Anti-fraud startup FrankieOne has raised $20 million in a series A as the regtech venture eyes international expansion.
The round was led by AirTree Ventures and Greycroft, with 20VC, Westpac’s Reinventure, Tidal Ventures, APEX Capital Partners, and Mantis VC, Robinhood CEO Vlad Tenev and Monzo founder Tom Blomfield also participating.
FrankieOne is financial systems aggregator that brings together ID verification, KYC, AML, fraud and credit tools into a single unified platform for banks, fintechs, lenders and more.
Westpac signed on as a client earlier this year identity infrastructure provider for its banking-as-a-service (BaaS) platform. It now counts a majority of Australia’s big four banks among its clients, along with BNPLs Afterpay, Limepay and BeforePay as well as a number of fintechs and neobanks.

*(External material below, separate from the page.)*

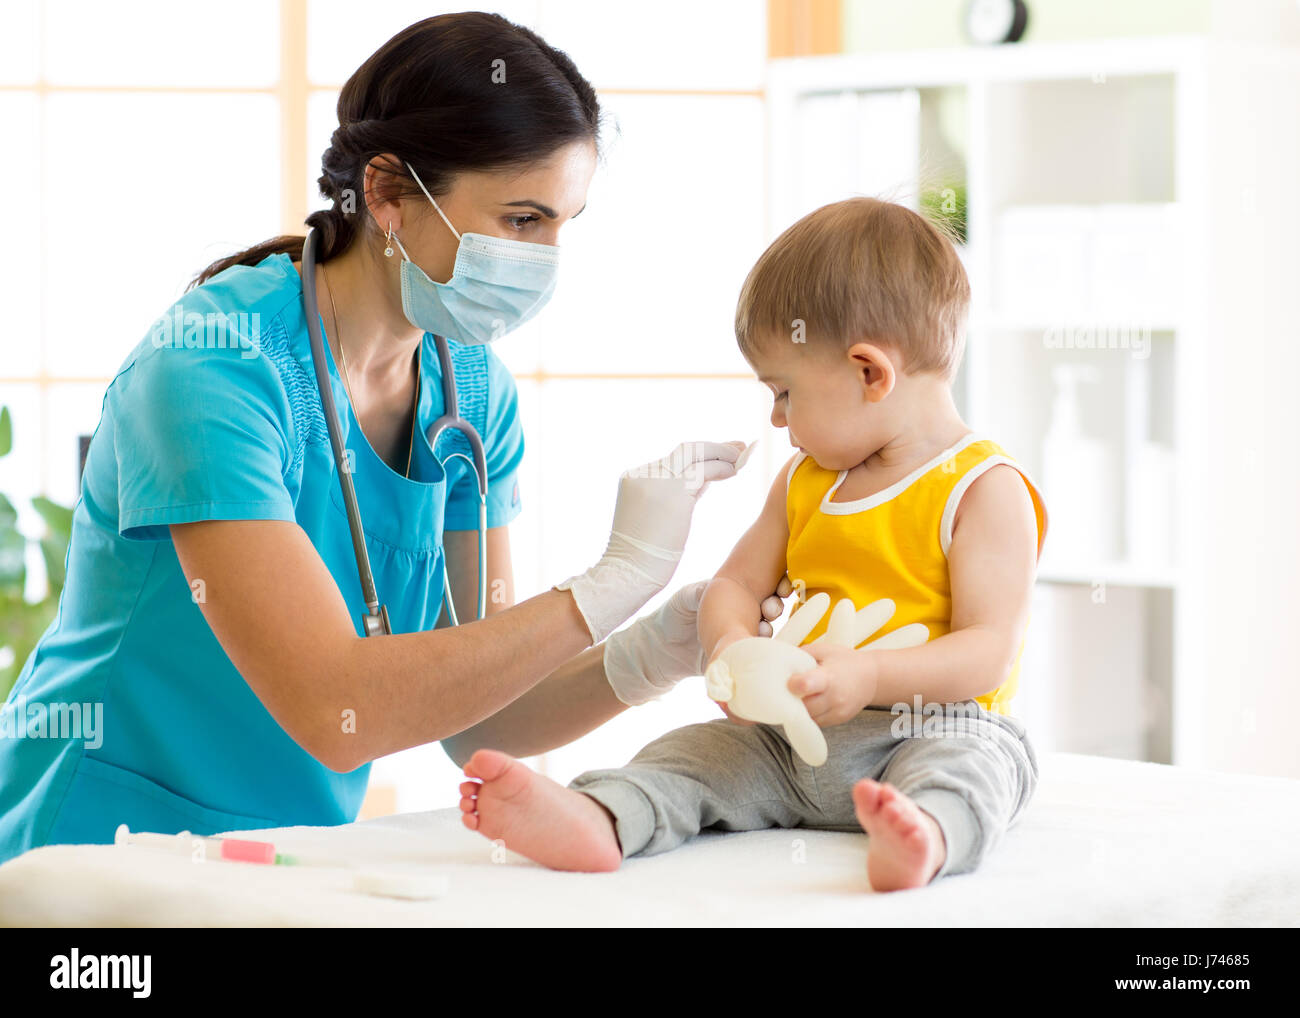 Doctor holds an injection vaccination the child Stock Photo

The Melbourne-based platform connects more than 170 vendors and data-sources, including Experian, LexisNexis and ThreatMetrix to provide a ‘single point of truth’ and enable data led decisioning saving billions in IT costs and improving customer experiences.
Money laundering and financial fraud have been a growing concern in recent years with the major banks falling foul of the regulators for failing to properly monitor and comply with anti-money laundering laws.
The company, which rebranded last year from Frankie Financial, was founded in 2017 and backed by industry figures, including Addventure Fund and Josh Liberman.
Regtech spending is expected to hit $127 billion by 2024, as companies flock to more reliable compliance utilities following an rapid increase in fraud during the covid pandemic.
Founder and CEO Simon Costello said compliance and identity verification have been a costly, time consuming, and frustrating experience for both the institution and the customers with the cost and effort of identity checking the same whether someone is depositing $10 or taking out a $100,000 loan.
“We can offer real-time and risk-based onboarding, meaning the customer onboarding changes depending on the client’s risk profile. Given it’s fully digital and automated, onboarding takes minutes instead of days, and translates to benefits to the bottom line,” he said.